Between 1764 and 1767, Sigismund was responsible for the construction of the Sigmundstor, a road tunnel that connects the Salzburg Altstadt with the Riedenburg quarter through the Mönchsberg mountain. The tunnel now bears his name, although it is more commonly known by its earlier name of the Neutor.
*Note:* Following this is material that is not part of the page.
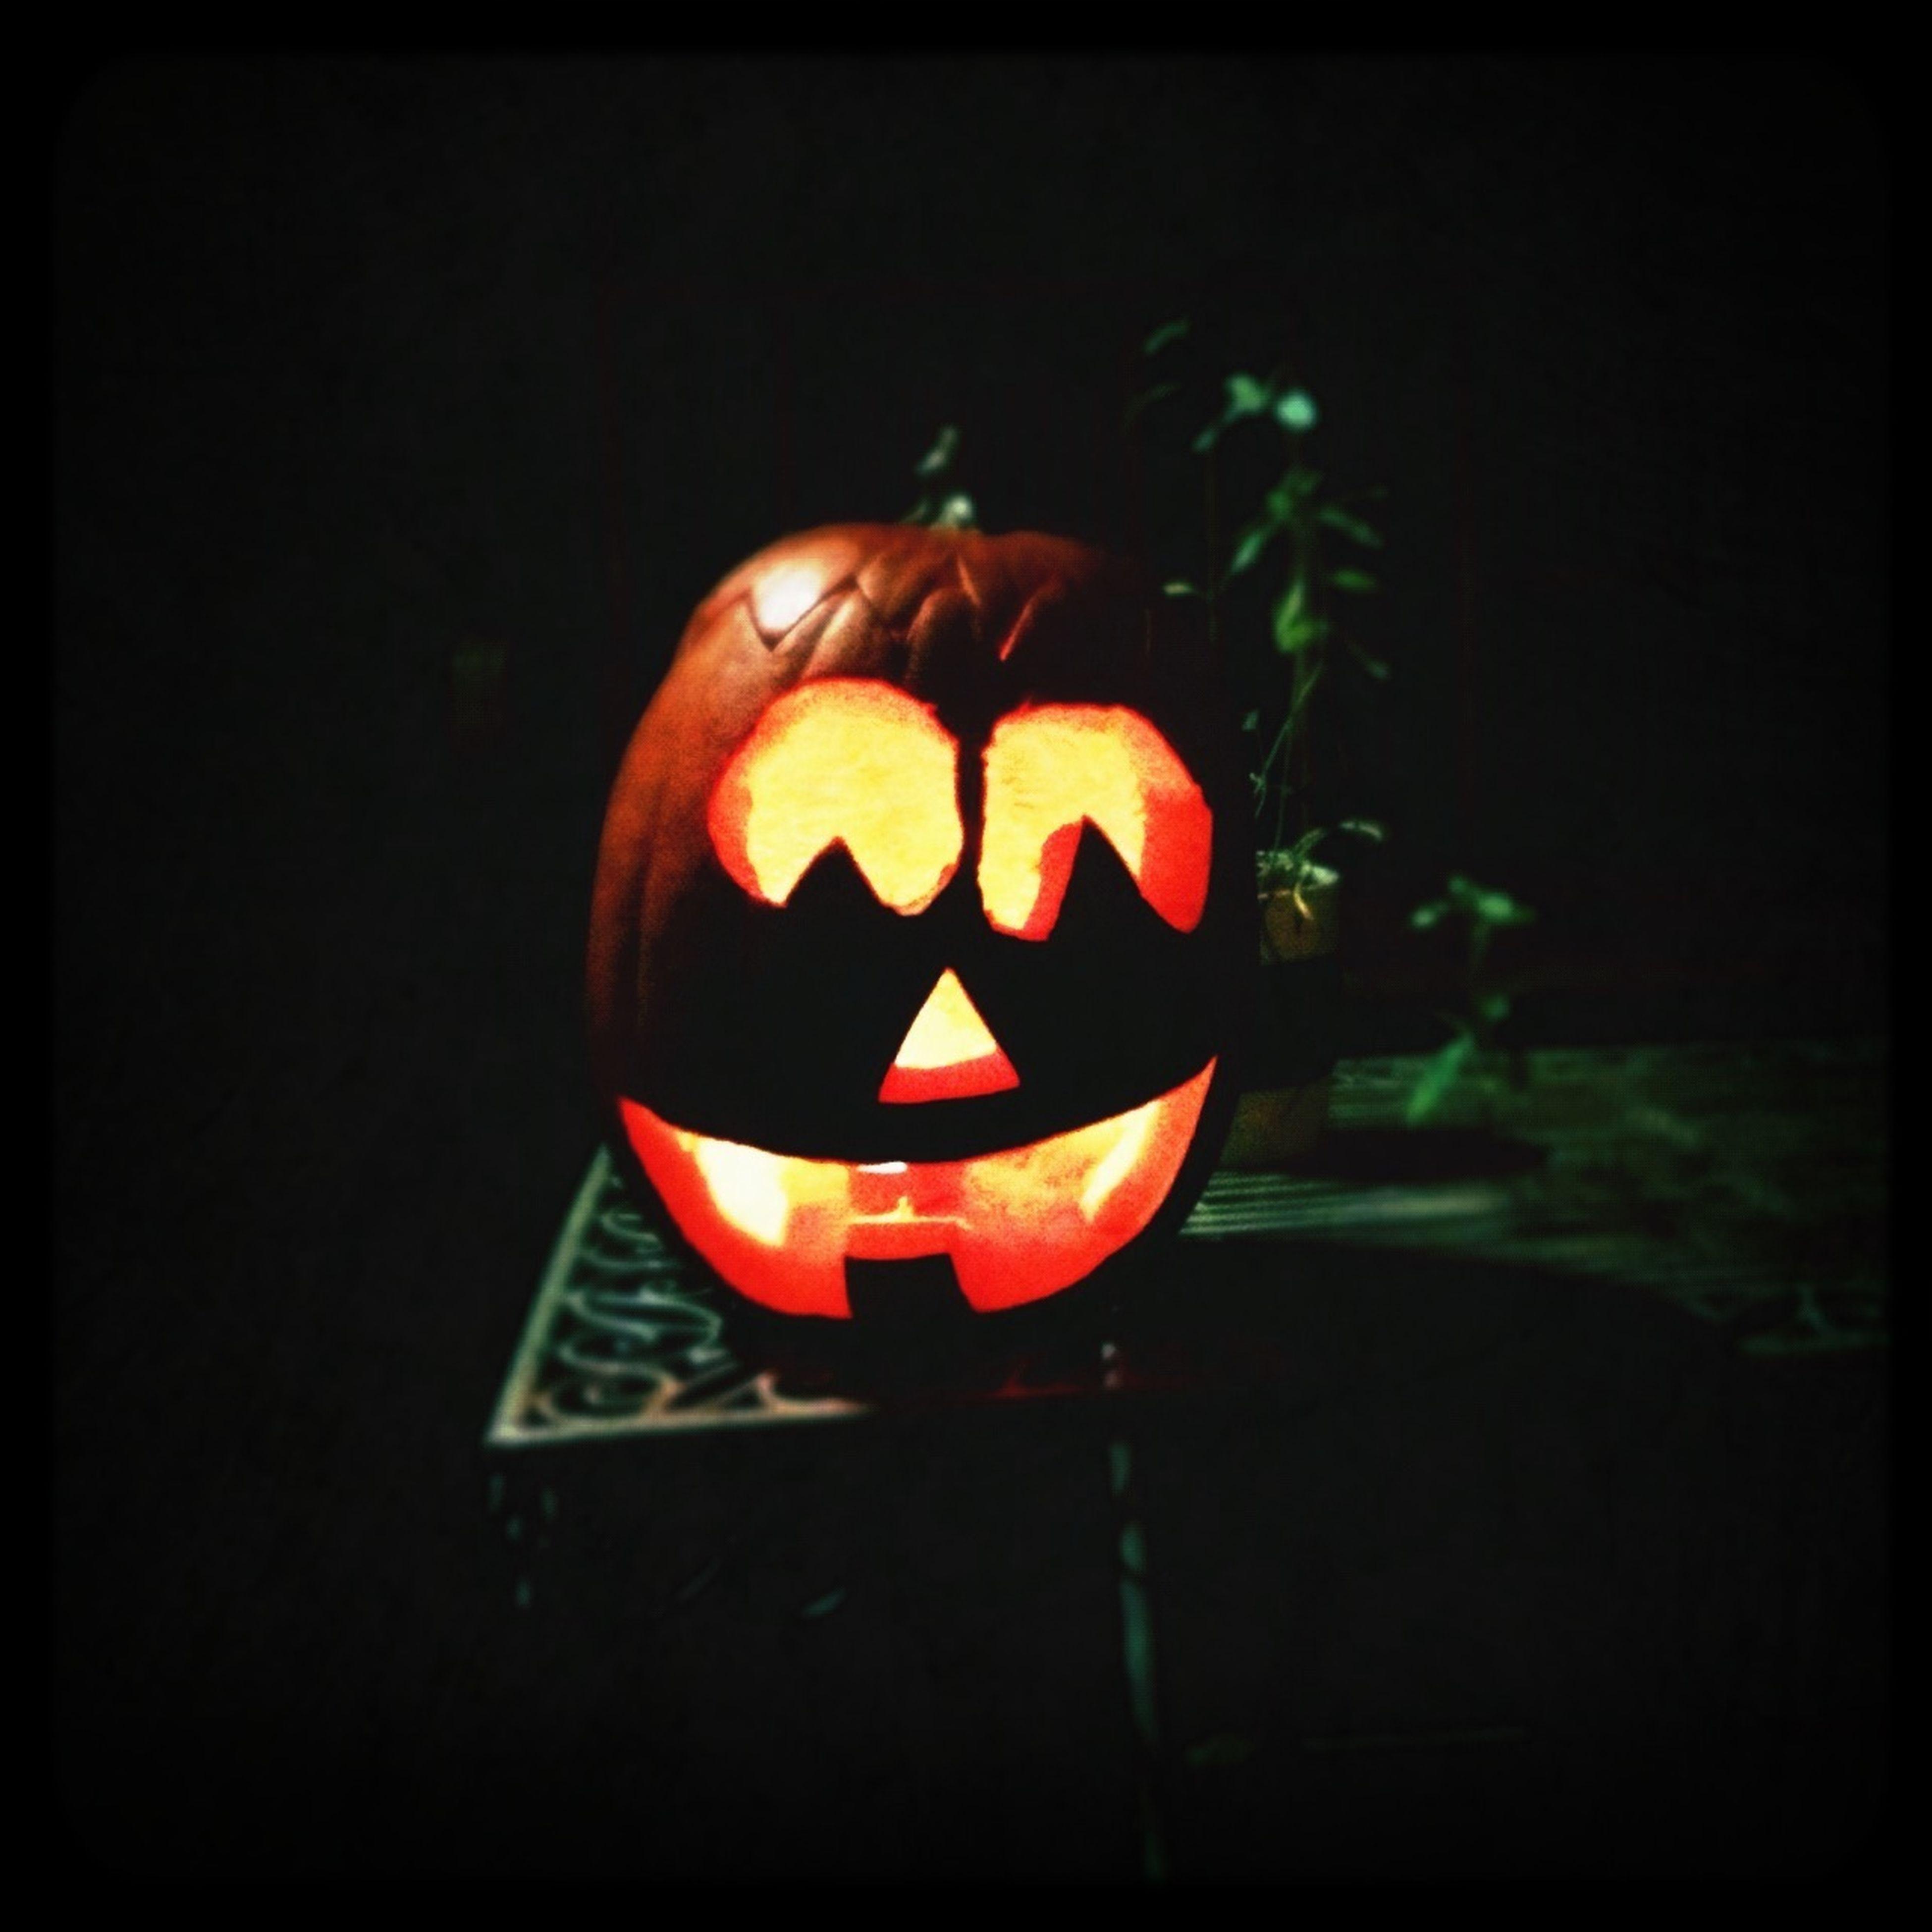 indoors, halloween, close-up, black background, red, flame, still life, celebration, illuminated, single object, anthropomorphic face, dark, pumpkin, art and craft, studio shot, human representation, burning, night, candle, creativity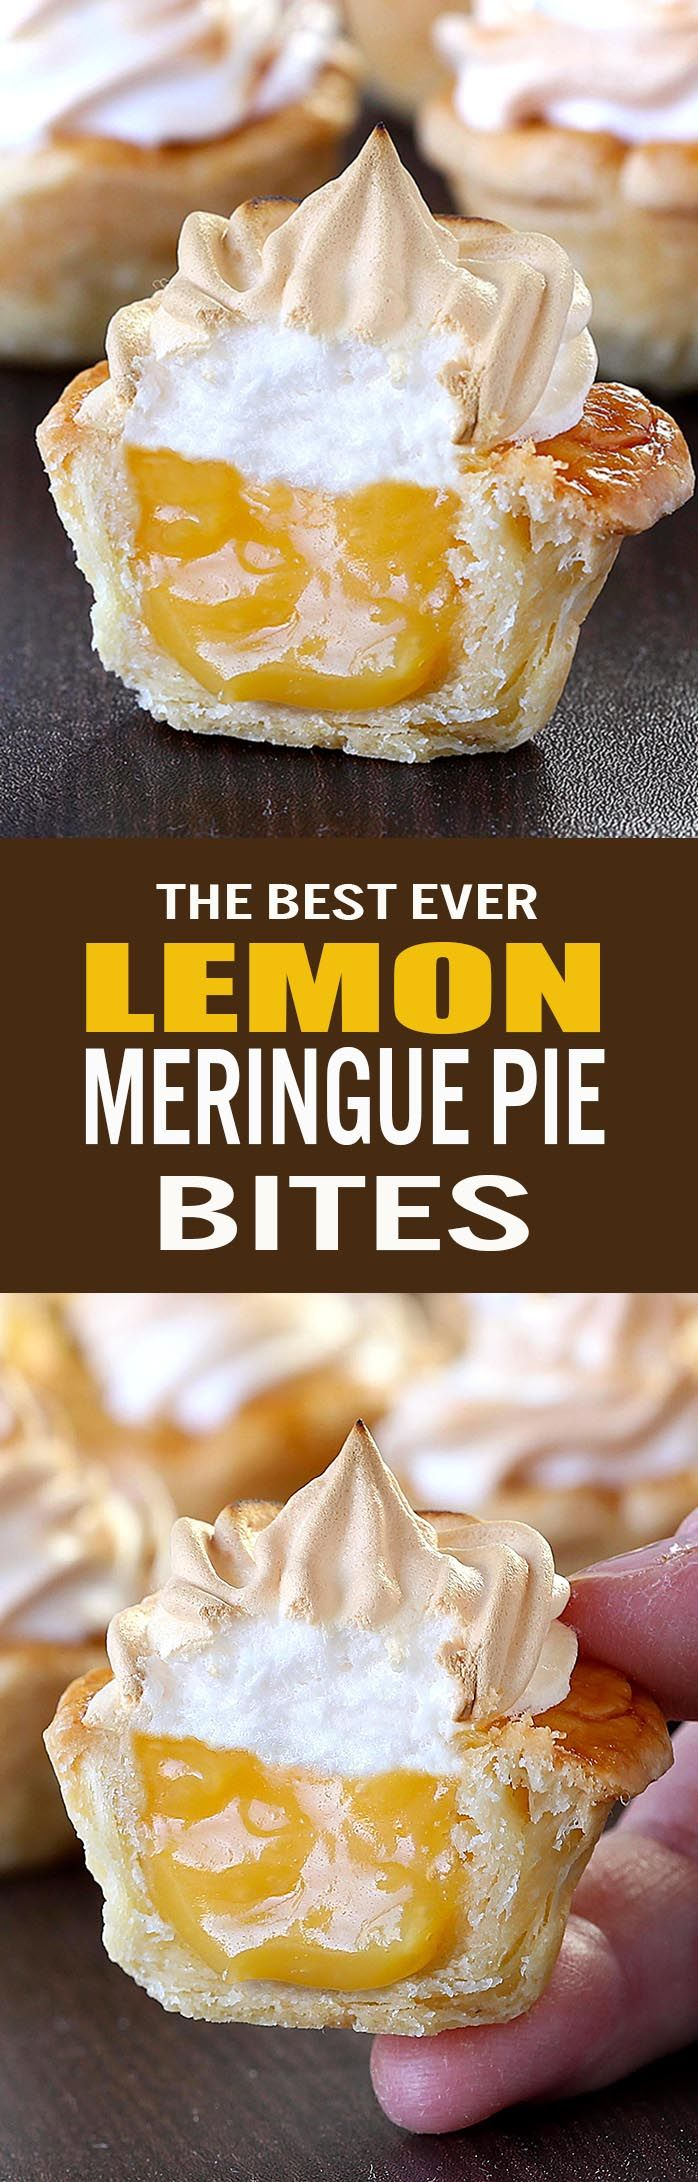 Lemon Meringue Pie Bites | Recipe | Homemade, Lemon meringue pie and ...

Schrattenbach died in Salzburg, aged 73. His funeral service on 2 January 1772 was the occasion for the first performance of Michael Haydn's Requiem Missa pro defuncto Archiepiscopo Sigismondo written in his honour. Schrattenbach was succeeded by Count Hieronymus von Colloredo, the last Salzburg prince-archbishop before the 1803 secularisation. Michael Haydn stayed in Salzburg under the reign of Colloredo; Wolfgang Amadeus Mozart, on the other hand, left soon after.